=== DESCRIPTION OF THE TASK ===
From top to bottom, print the listing word for word and skip any pictures it contains.

=== INPUT DATA ===
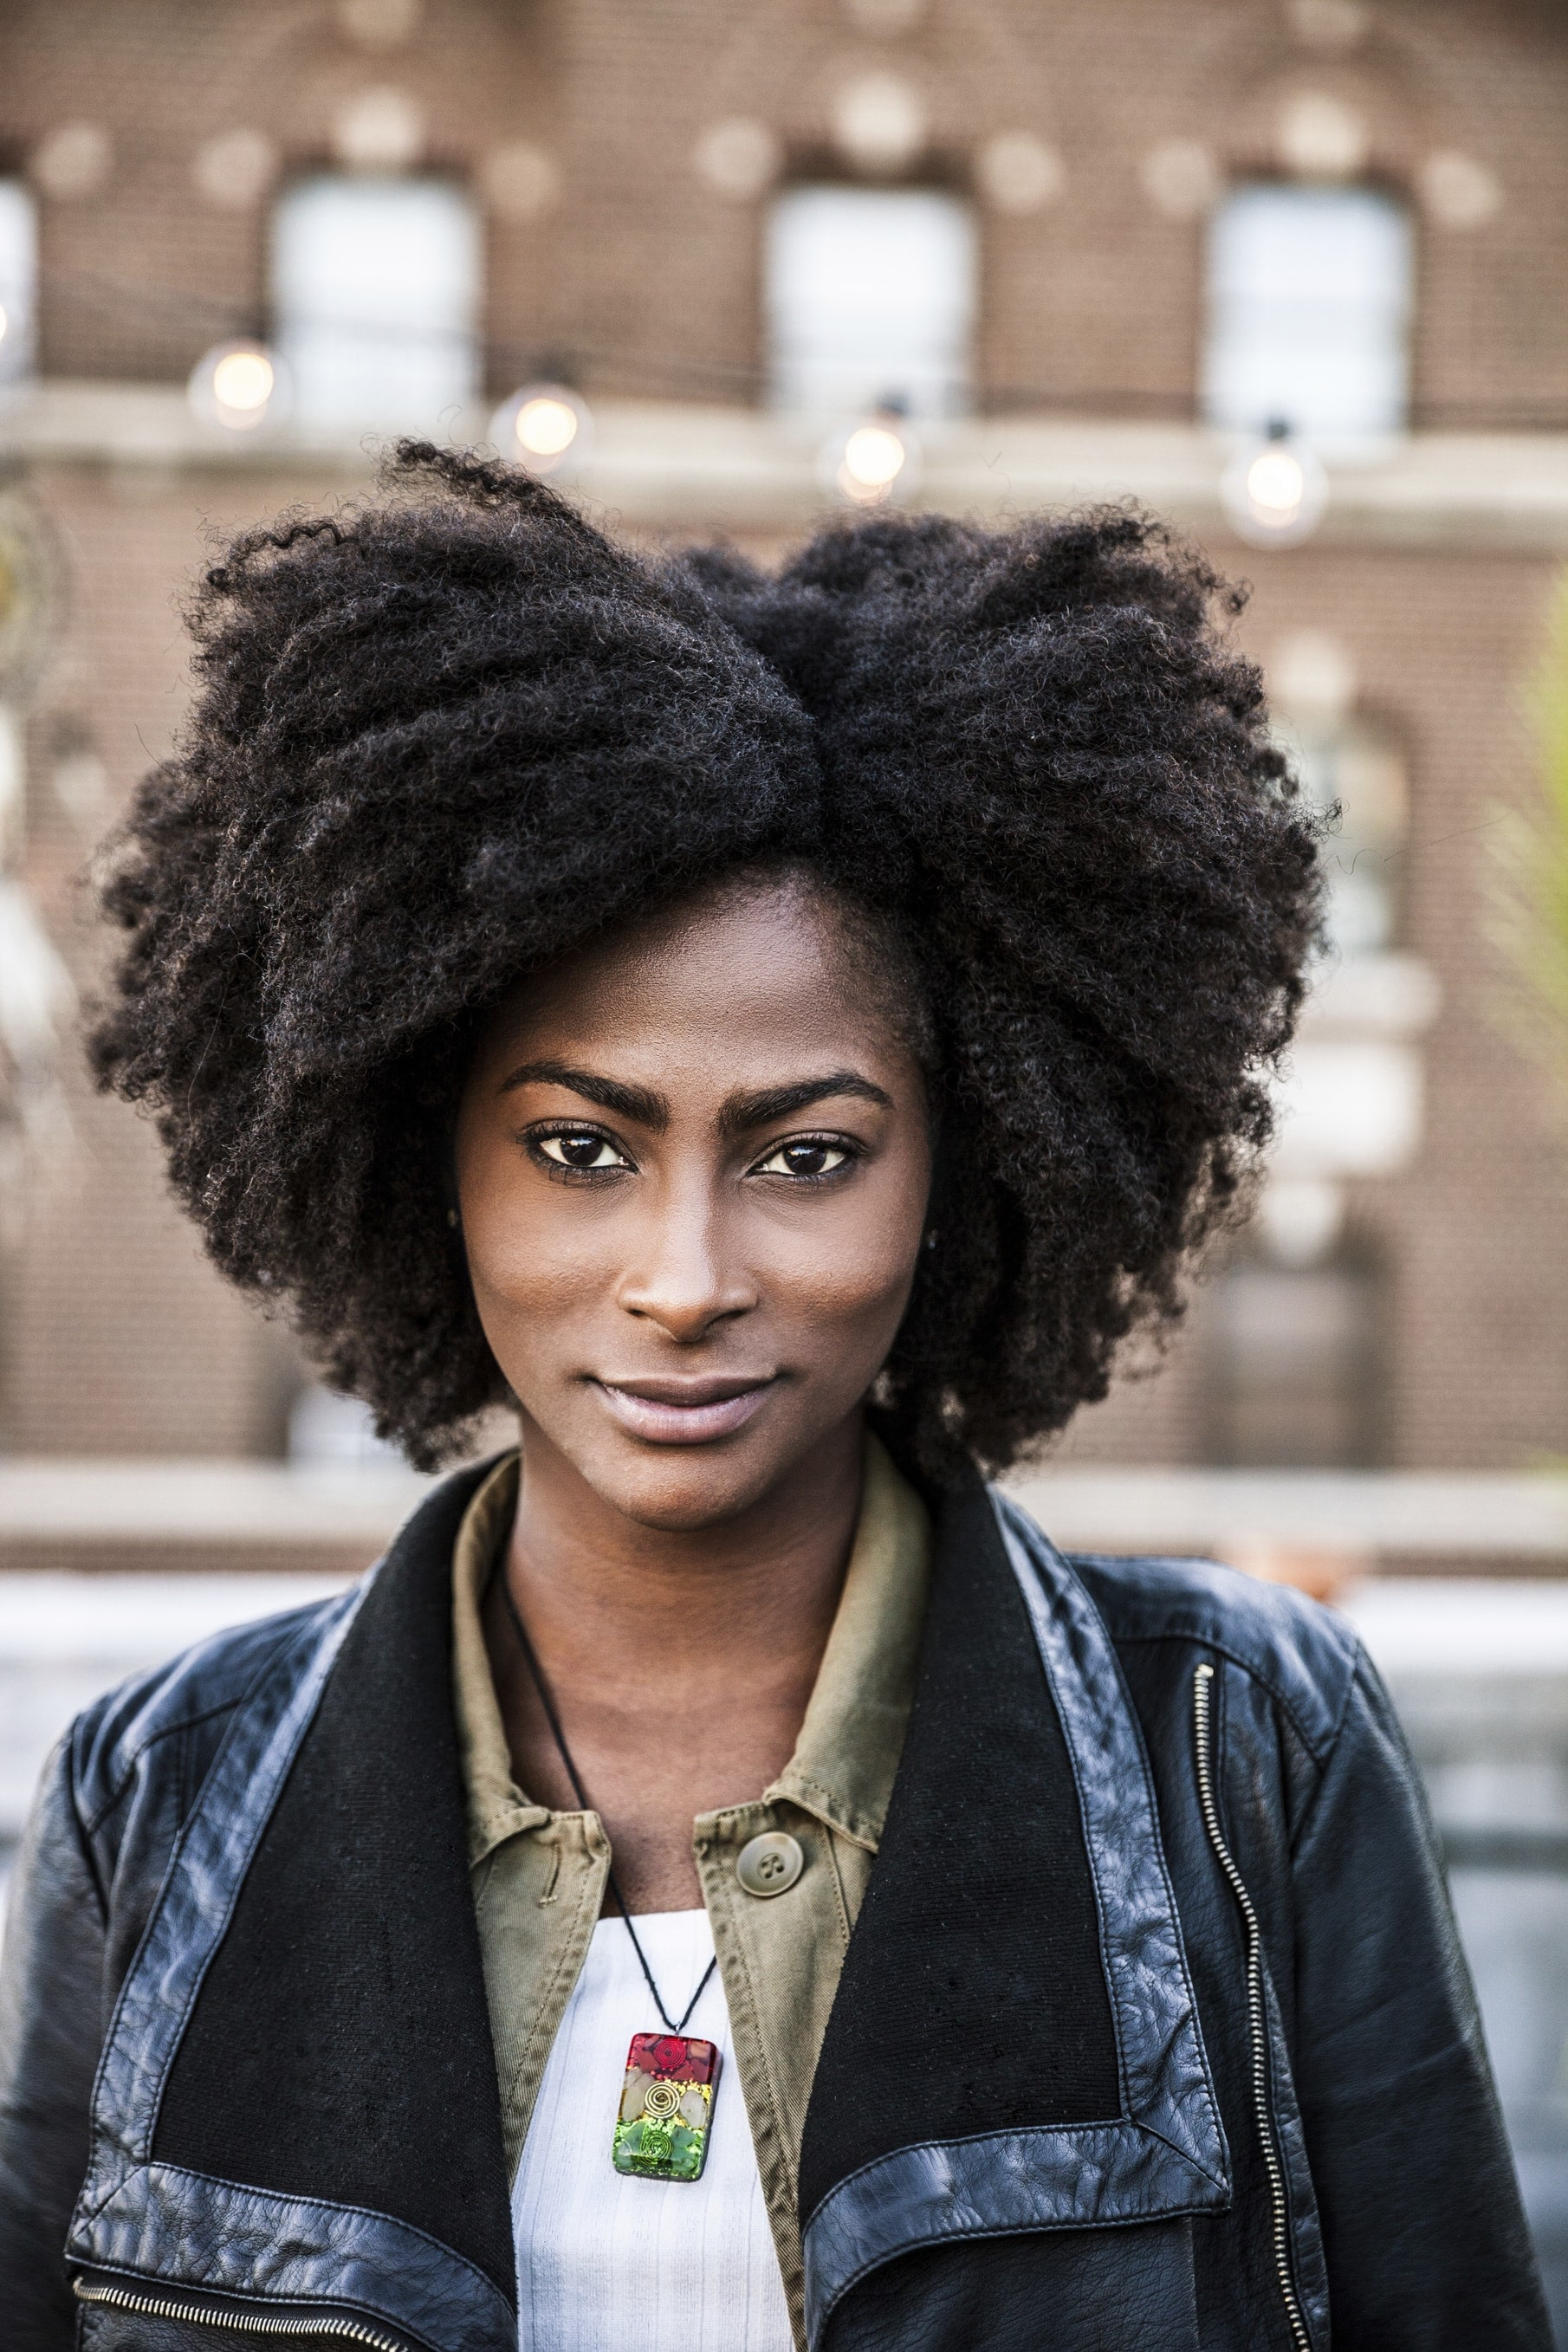 Natural afro hair: black woman with natural hair
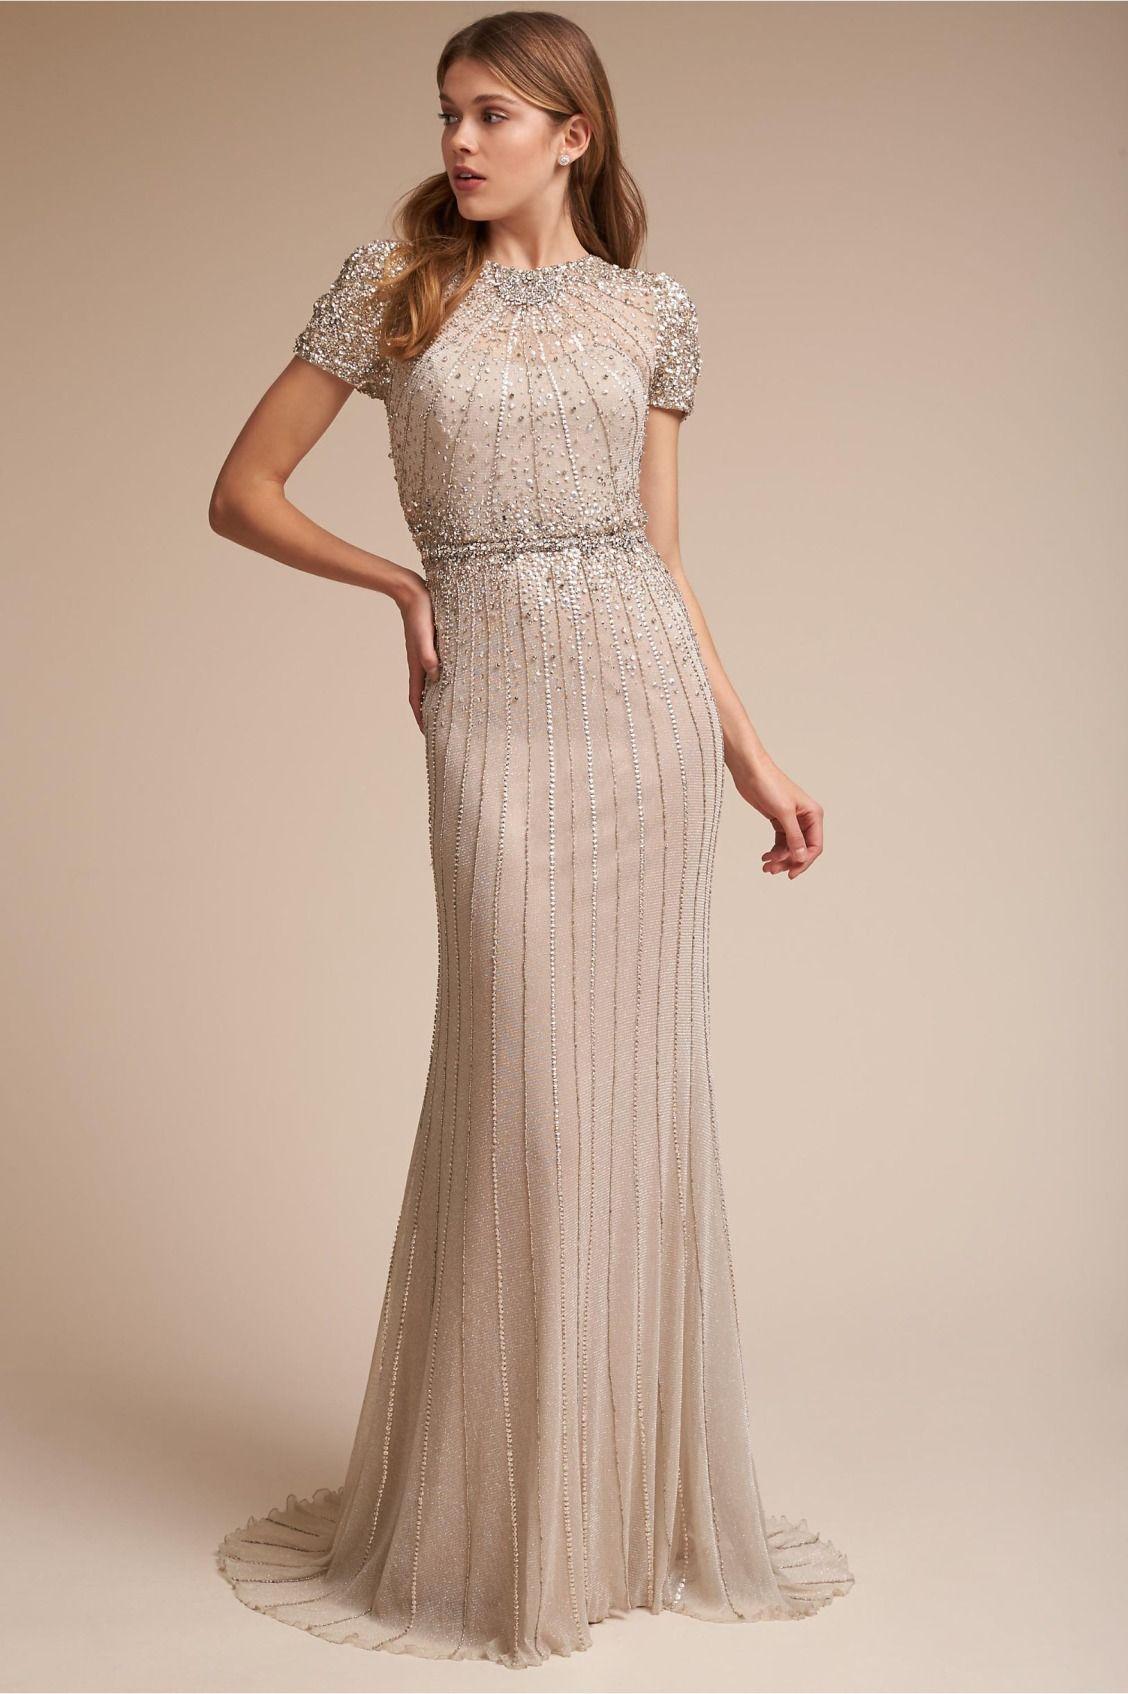 Glamorous Column Dress Barton Gown From Bhldn Wedding Dress Sizes Casual Wedding Dress Vintage Inspired Wedding Dresses [ 1694 x 1128 Pixel ]
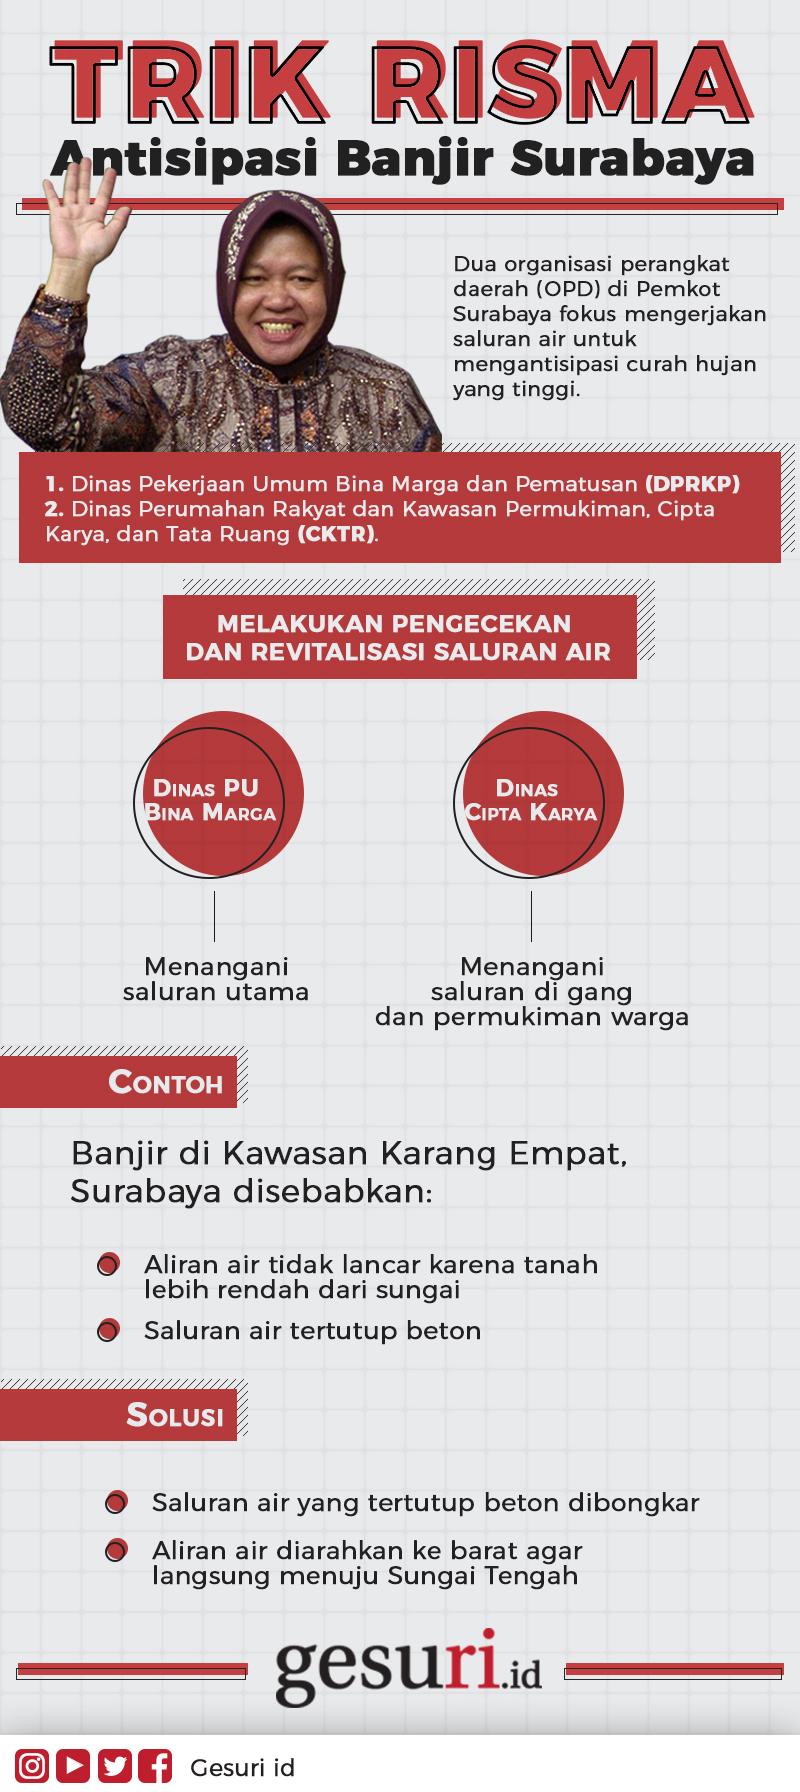 Trik Risma Antisipasi banjir di Surabaya

=== OUTPUT FOR THIS EXERCISE ===
 Natural afro hair: black woman with natural hair
 Glamorous Column Dress Barton Gown From Bhldn Wedding Dress Sizes Casual Wedding Dress Vintage Inspired Wedding Dresses [ 1694 x 1128 Pixel ]
 Trik Risma Antisipasi banjir di Surabaya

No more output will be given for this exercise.